◆ **Your objective**
Could you repeat the entries below exactly, but only from the line with "Star Trek The Next Generation Coffee Blends" through the line with "Queen Cwtch Wall Art Poster - Orange", and without any picture?

◆ **Study material**
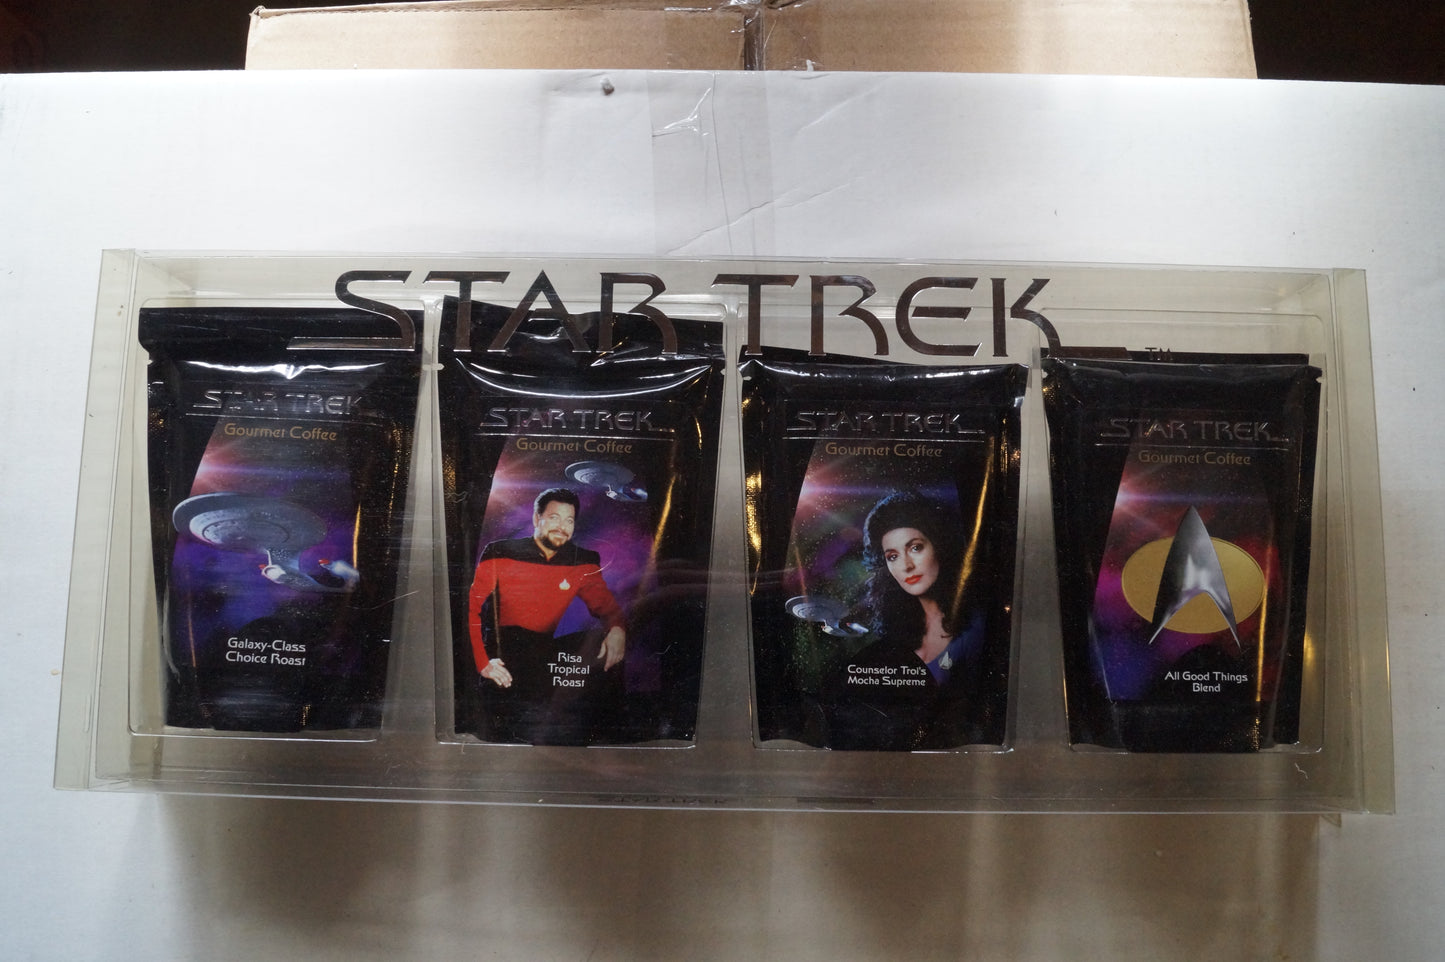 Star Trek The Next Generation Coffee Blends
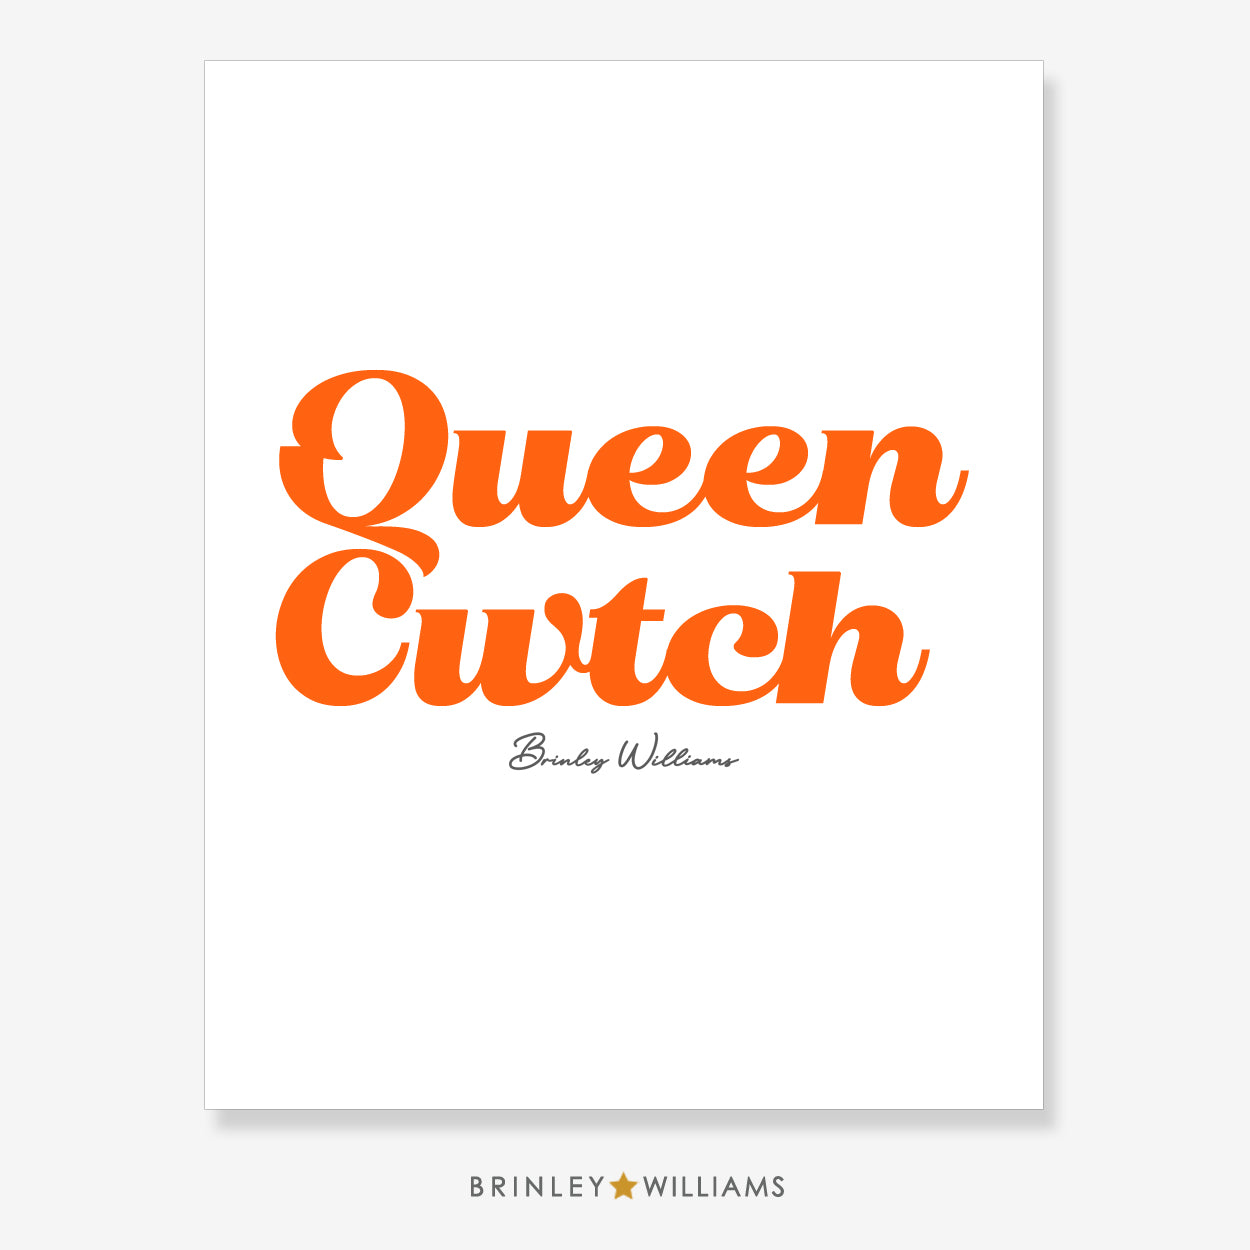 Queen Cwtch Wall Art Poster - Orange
---
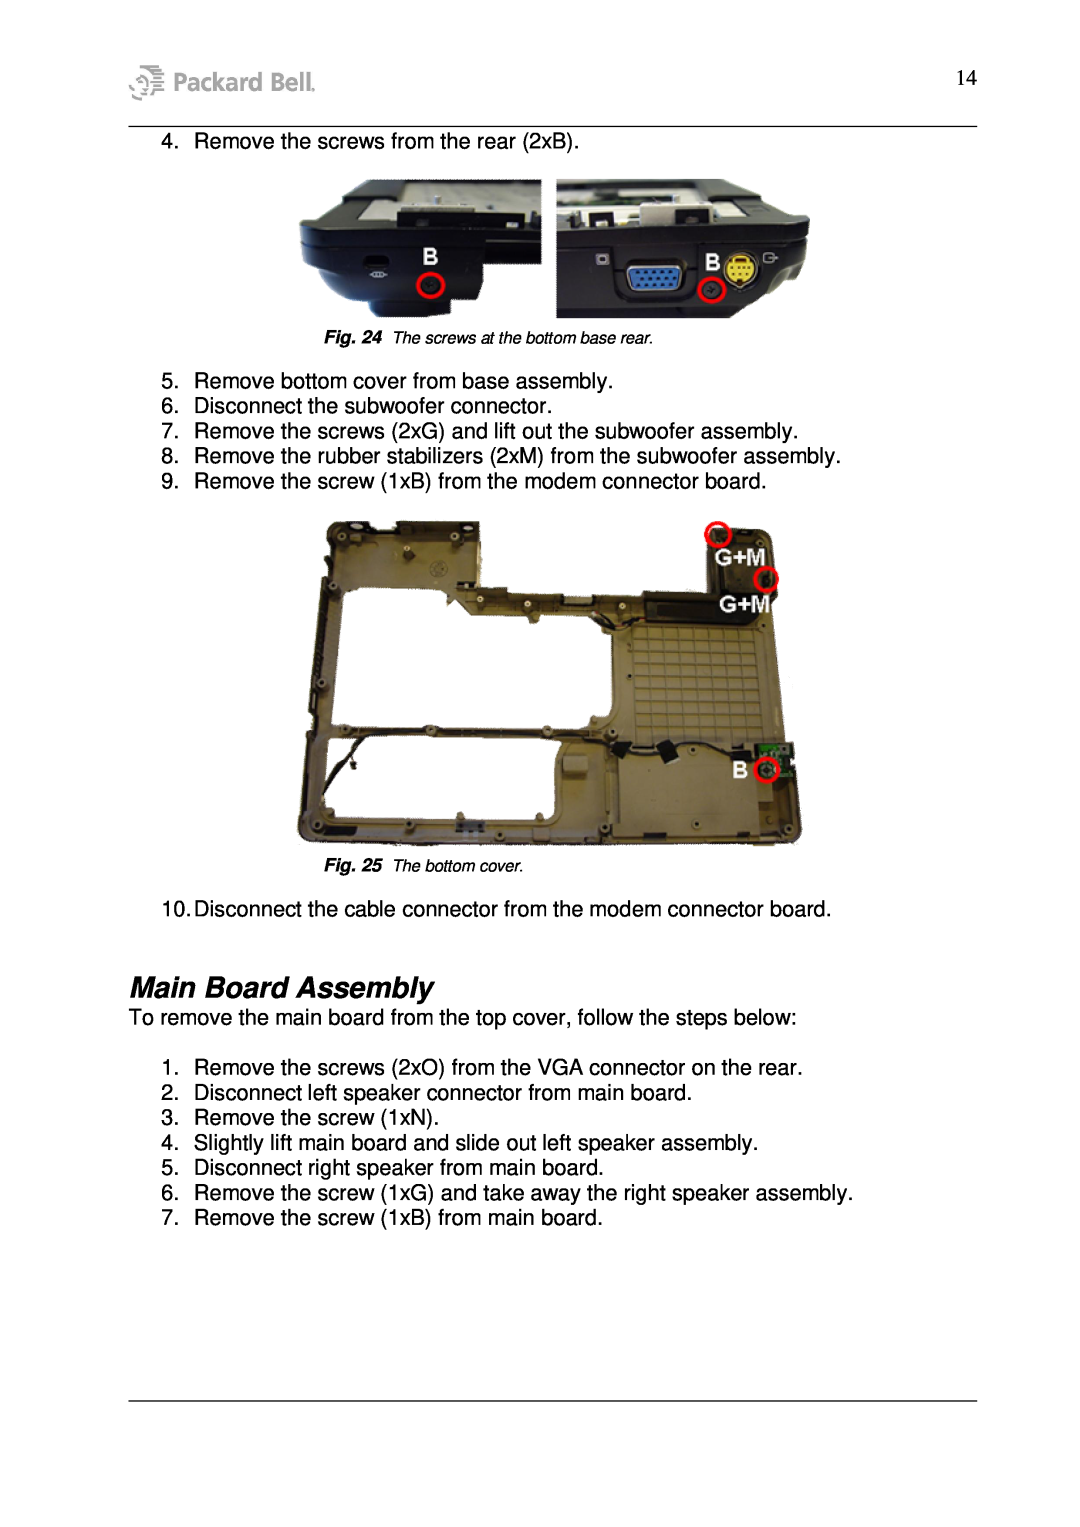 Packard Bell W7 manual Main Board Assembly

◆ **Reply to the task**
 Star Trek The Next Generation Coffee Blends
 Queen Cwtch Wall Art Poster - Orange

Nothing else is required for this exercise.